In the same way, thinking up fun things to do together from afar requires more effort — but in Noel’s case, that’s been part of the fun. Social distancing started very early in her relationship with her girlfriend, and while they were quarantining in different homes, they found cute ways to flirt from a distance. Not sure where to start? Send a present that shows that you’re paying attention to what they’re into! Early on, her girlfriend gave her a bottle of her favorite wine. “That showed me that she was thinking of me, but also that she remembered something about me,” she says. “That felt very intimate.”

Ashley Manta, sex educator and founder of the The Cannasexual, says you’ll both have a better time if you go the extra mile to make it a sensual experience. Your best bet is to start “getting the senses involved and getting yourself talking,” she says. Manta offers a simple script for this: “You can ask them, ‘I would love it if you could spend at least five minutes describing you space using as many of the five senses as possible.'” Whether it’s the texture of the chair you’re sitting on, the scent of your home, or the ambient noise in your surroundings, these little things paint a mental picture that’s so much more romantic.

If it doesn’t feel natural at first, don’t worry! Manta believes it’s essential to embrace awkwardness. “Don’t feel like you have to be something or someone that you’re not,” she says. She got the same advice from her instructor at a pole class, an activity she says was both empowering and nerve-wracking until she took it to heart. “Whatever you’re doing, you can make that sexy,” she says. “The amount that you’re willing to lean into it is what makes it authentic.” Basically, if you’re feeling anxious, own it! Your partner might be feeling the same way, so your openness could be what sets them at ease.

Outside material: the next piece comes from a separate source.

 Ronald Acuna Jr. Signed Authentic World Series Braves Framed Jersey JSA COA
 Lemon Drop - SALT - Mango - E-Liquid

Dr. Rhea Merck, psychotherapist and Senior Instructor of Psychology at the University of South Carolina, agrees that in order to spark romance when dating virtually, you have to be patient with the process. “Chemistry develops in lots of ways, but the difference I think is…giving it more time to really get to know one another and figuring out how to really spend time with this person.” Dr. Merck says that we take in a lot of non-verbal communication that we don’t even recognize most of the time, and communicating without that will take more concerted effort. 

Noel affirms that in the absence of those physical cues, you shouldn’t be too hard on yourself if you don’t click right away. “This is new terrain for a lot of people, so be compassionate with yourself,” she says. “Remember that there will be awkward silences or talking over each other because you’re connecting through a screen…and that’s okay! It can still be a blast regardless.” And if we’re being honest, those charming moments of awkwardness are what first dates are all about! If you can laugh with them through the meet-cute jitters online or IRL, you’ve found someone truly magical.